Total.Assets: For each additional unit of “Total.Assets,” “Liabilities” goes up by about 0.0813.
Criminal.Cases: For each additional unit of “Criminal.Cases,” “Liabilities” goes down by about 275,000.
Total.Assets:Criminal.Cases: This shows how the effect of “Total.Assets” on “Liabilities” is different when “Criminal.Cases” is involved. For each additional unit of “Total.Assets,” “Liabilities” goes up by about 0.01234 more if “Criminal.Cases” are involved.
F-statistic: In our case, the F-statistic is 1012, and the p-value is really small (less than 0.001), so our formula is very useful.

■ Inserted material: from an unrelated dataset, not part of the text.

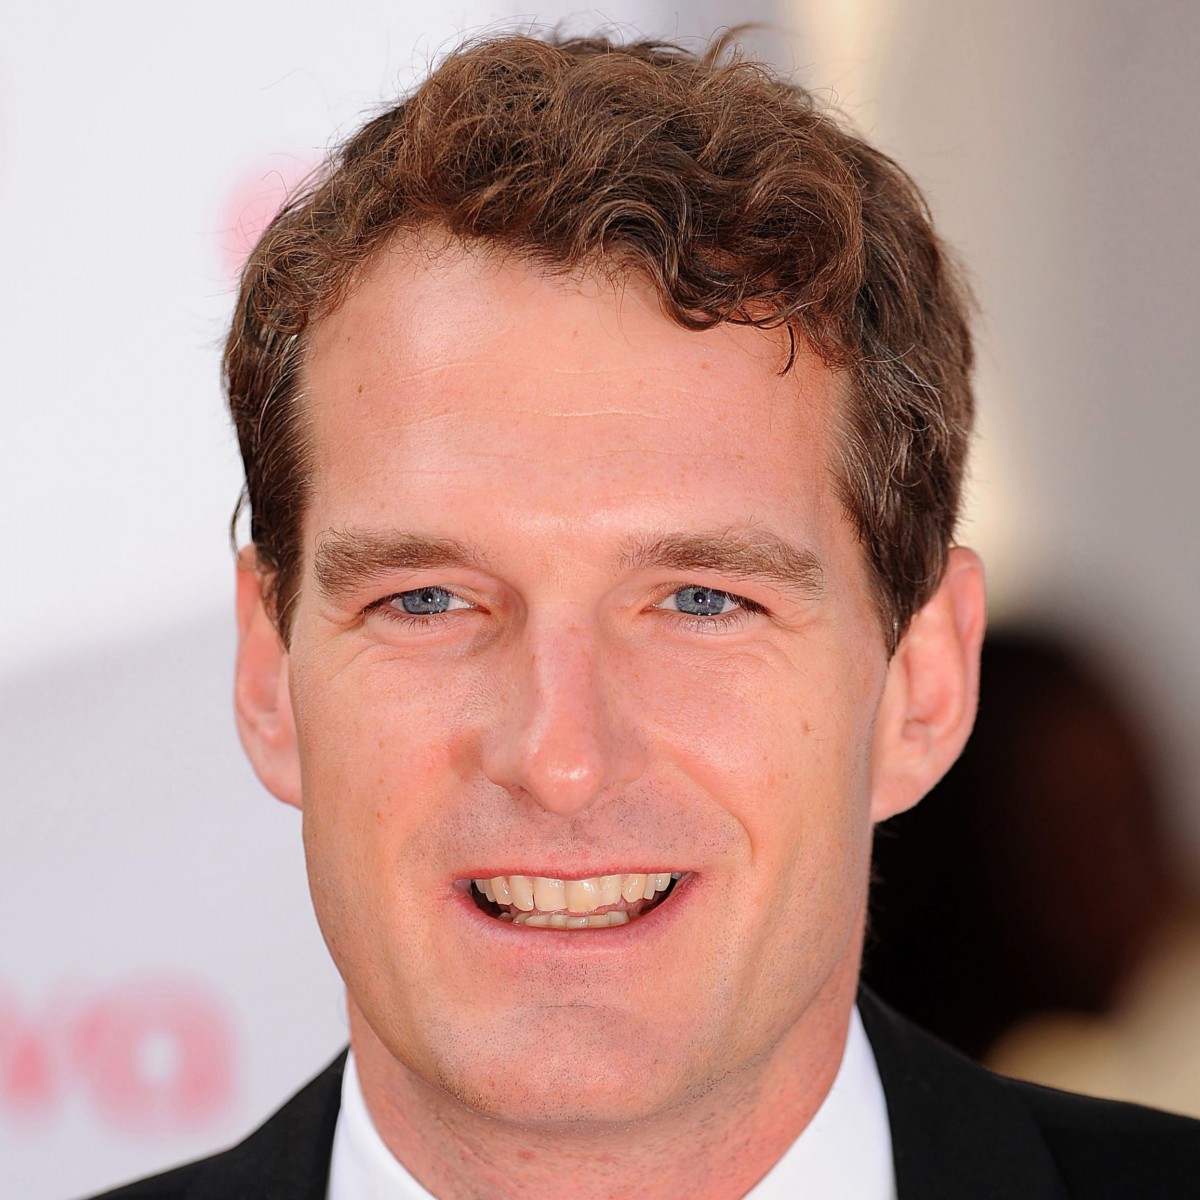 Dan Snow also signed the letter, which was published in The Guardian

model <- lm(Liabilities ~ Total.Assets*Criminal.Cases*Age, data = data)
summary(model)
##
## Call:
## lm(formula = Liabilities ~ Total.Assets * Criminal.Cases * Age,
## data = data)
##
## Residuals:
## Min 1Q Median 3Q Max
## -979335132 -2281502 -1703938 -1302600 1173088843
##
## Coefficients:
## Estimate Std. Error t value Pr(>|t|)
## (Intercept) 5.532e+05 1.815e+06 0.305 0.760
## Total.Assets 8.926e-03 1.241e-02 0.719 0.472
## Criminal.Cases 1.531e+05 7.312e+05 0.209 0.834
## Age 2.692e+04 3.753e+04 0.717 0.473
## Total.Assets:Criminal.Cases 7.233e-02 7.452e-03 9.706 < 2e-16 ***
## Total.Assets:Age 1.259e-03 2.130e-04 5.908 3.62e-09 ***
## Criminal.Cases:Age -1.291e+04 1.592e+04 -0.811 0.417
## Total.Assets:Criminal.Cases:Age -1.071e-03 1.338e-04 -8.004 1.37e-15 ***
## ---
## Signif. codes: 0 '***' 0.001 '**' 0.01 '*' 0.05 '.' 0.1 ' ' 1
##
## Residual standard error: 39190000 on 7900 degrees of freedom
## (60 observations deleted due to missingness)

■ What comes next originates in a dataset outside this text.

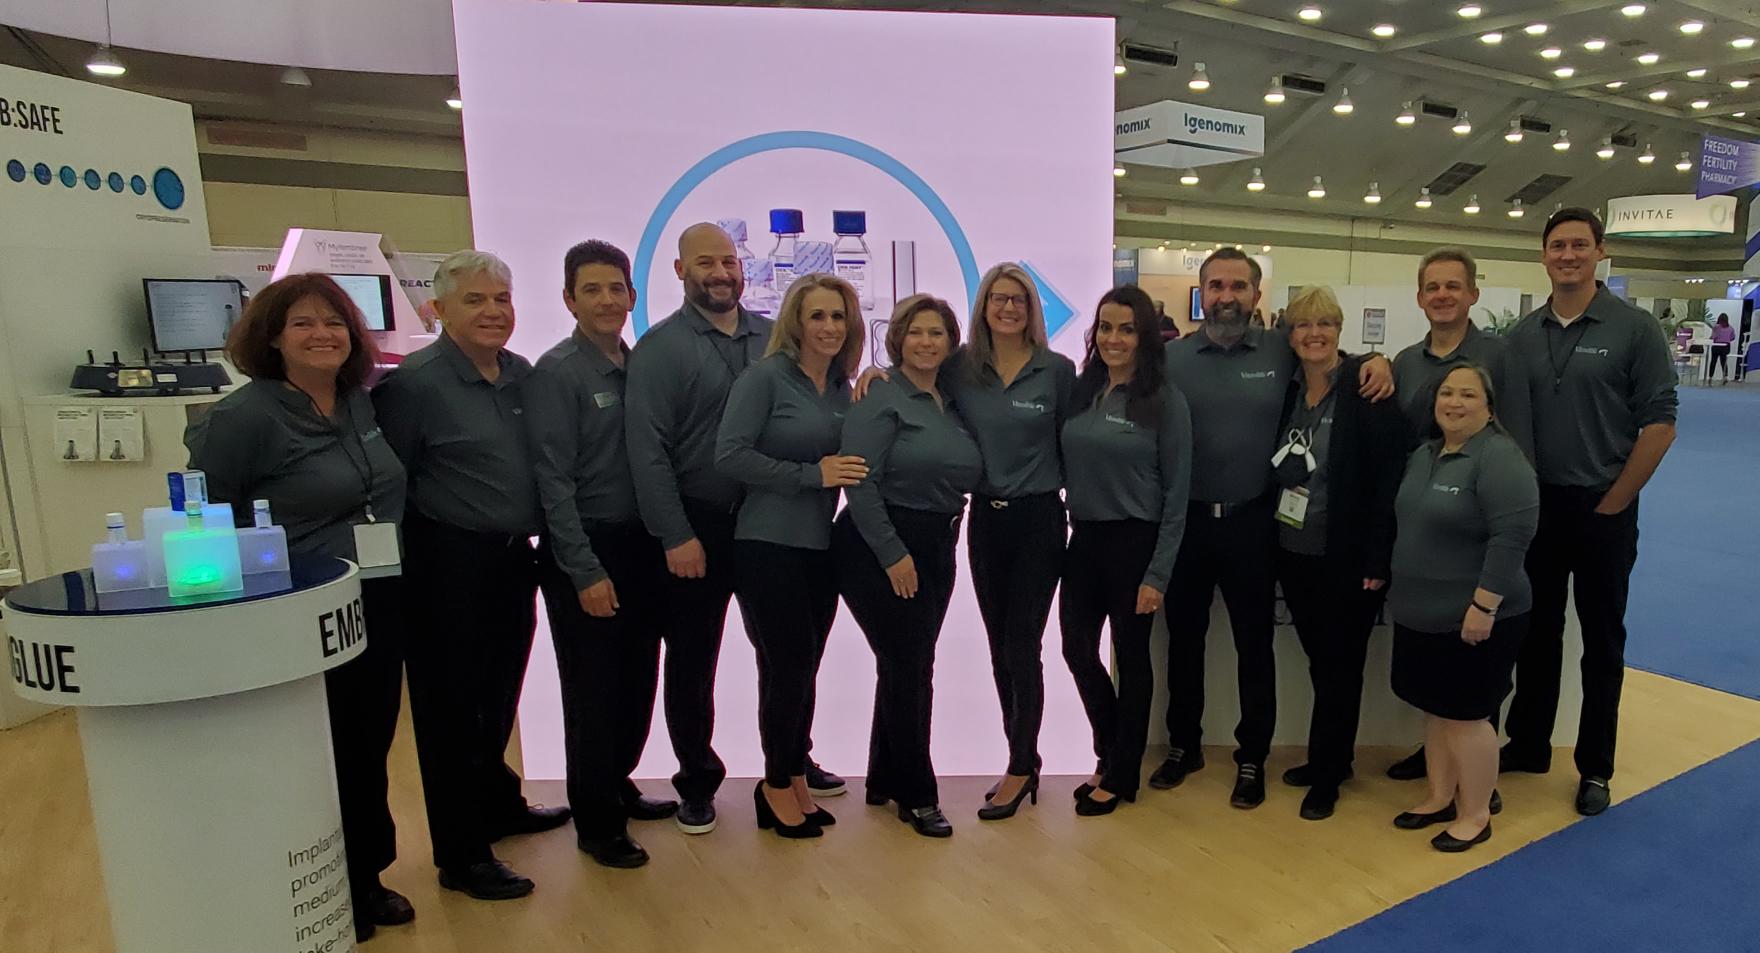 The ASRM team and booth_2021

## Multiple R-squared: 0.2852, Adjusted R-squared: 0.2845
## F-statistic: 450.2 on 7 and 7900 DF, p-value: < 2.2e-16
We add Age as our new interaction term along with Criminal cases.
Based on the results,
Intercept: This represents the estimated “Liabilities” when “Total.Assets” and “Gender” are both at their reference levels. In this case, it’s about -3,860,000.

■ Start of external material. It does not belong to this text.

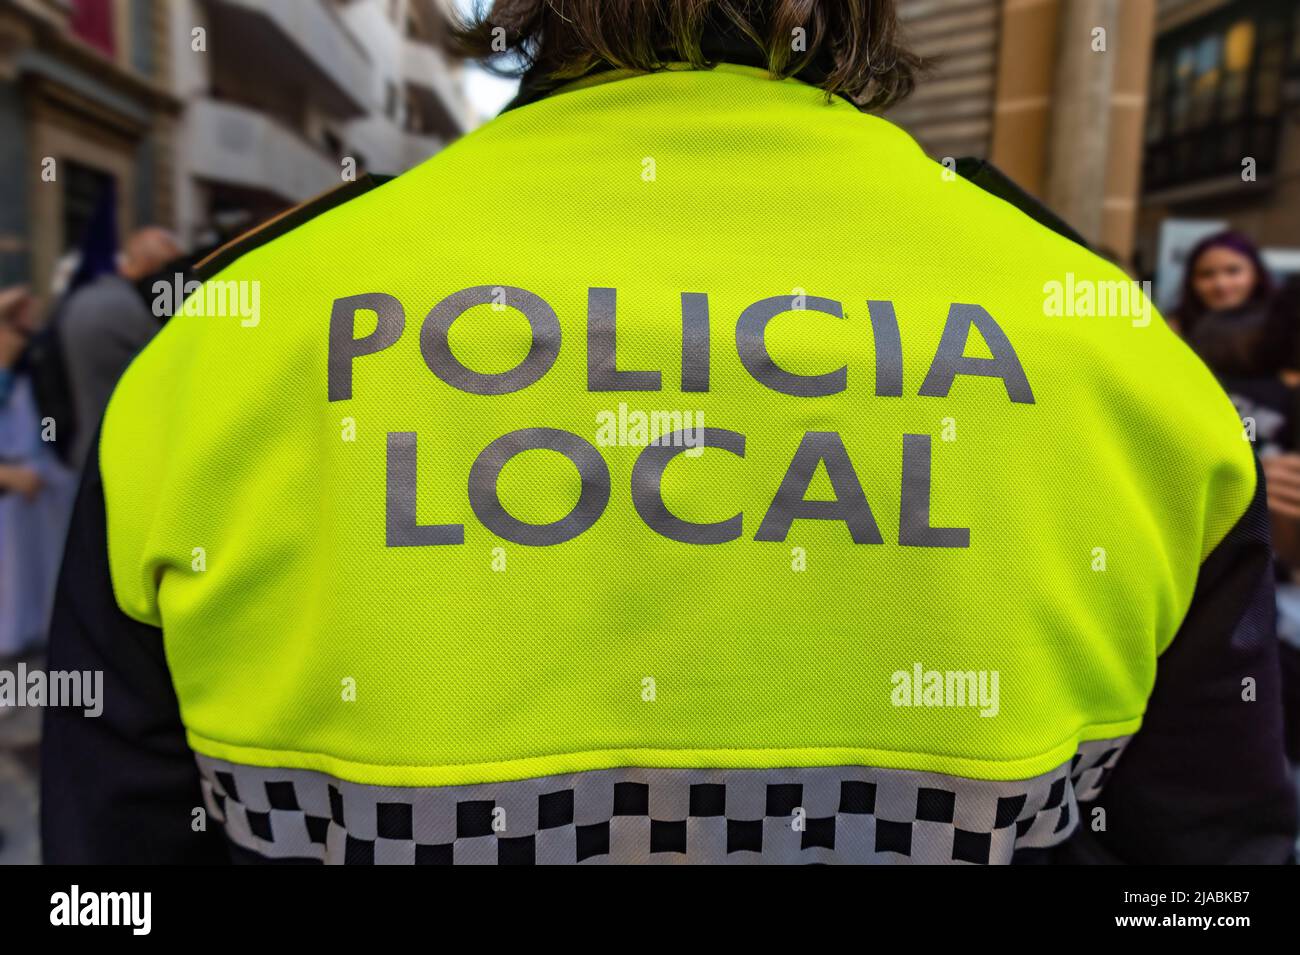 Back view of a police with the text in spanish 'Policia Local' that means local police maintaining the order in the streets Stock Photo

Total.Assets: For each additional unit of “Total.Assets,” “Liabilities” goes up by about 0.2463.
GenderM: If the gender is male (M), “Liabilities” tends to be higher by about 5,759,000 compared to the reference gender.
Total.Assets:GenderM: This shows how the effect of “Total.Assets” on “Liabilities” is different for males (GenderM). For each additional unit of “Total.Assets,” “Liabilities” tends to decrease by about 0.1621 for males.